- _EXERCISE REQUIREMENTS_:
The stretch wanted below opens at the line containing "Happy Easter Sunday." and closes at the line containing "19th Century Handcrafted". Please return it exactly, with no other lines.

- _DATA IN THIS EXERCISE_:
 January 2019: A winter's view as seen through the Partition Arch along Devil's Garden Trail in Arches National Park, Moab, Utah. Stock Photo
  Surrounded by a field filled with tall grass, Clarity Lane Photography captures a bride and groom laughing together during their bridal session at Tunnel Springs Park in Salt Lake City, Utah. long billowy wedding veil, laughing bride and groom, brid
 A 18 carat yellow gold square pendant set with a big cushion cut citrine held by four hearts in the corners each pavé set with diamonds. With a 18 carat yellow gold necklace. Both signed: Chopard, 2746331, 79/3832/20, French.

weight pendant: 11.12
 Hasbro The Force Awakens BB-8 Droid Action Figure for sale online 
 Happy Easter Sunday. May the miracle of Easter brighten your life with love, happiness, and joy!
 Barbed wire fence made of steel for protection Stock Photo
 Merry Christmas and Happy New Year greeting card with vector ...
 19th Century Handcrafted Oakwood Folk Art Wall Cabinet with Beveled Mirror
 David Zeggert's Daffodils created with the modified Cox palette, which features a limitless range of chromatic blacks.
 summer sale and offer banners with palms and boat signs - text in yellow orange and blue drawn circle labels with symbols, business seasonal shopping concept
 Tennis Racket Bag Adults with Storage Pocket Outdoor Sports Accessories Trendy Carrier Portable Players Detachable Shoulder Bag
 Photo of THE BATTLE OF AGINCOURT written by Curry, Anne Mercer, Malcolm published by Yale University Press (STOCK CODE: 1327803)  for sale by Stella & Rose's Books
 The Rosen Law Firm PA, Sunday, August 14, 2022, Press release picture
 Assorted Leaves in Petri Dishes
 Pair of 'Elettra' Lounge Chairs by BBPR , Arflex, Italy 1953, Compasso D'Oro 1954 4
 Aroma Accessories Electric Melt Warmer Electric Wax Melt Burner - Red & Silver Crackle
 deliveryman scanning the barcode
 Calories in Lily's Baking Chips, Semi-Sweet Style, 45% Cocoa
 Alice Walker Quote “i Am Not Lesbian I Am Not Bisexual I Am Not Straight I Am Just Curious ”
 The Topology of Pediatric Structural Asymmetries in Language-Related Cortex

- _ANSWER BELOW_:
 Happy Easter Sunday. May the miracle of Easter brighten your life with love, happiness, and joy!
 Barbed wire fence made of steel for protection Stock Photo
 Merry Christmas and Happy New Year greeting card with vector ...
 19th Century Handcrafted Oakwood Folk Art Wall Cabinet with Beveled Mirror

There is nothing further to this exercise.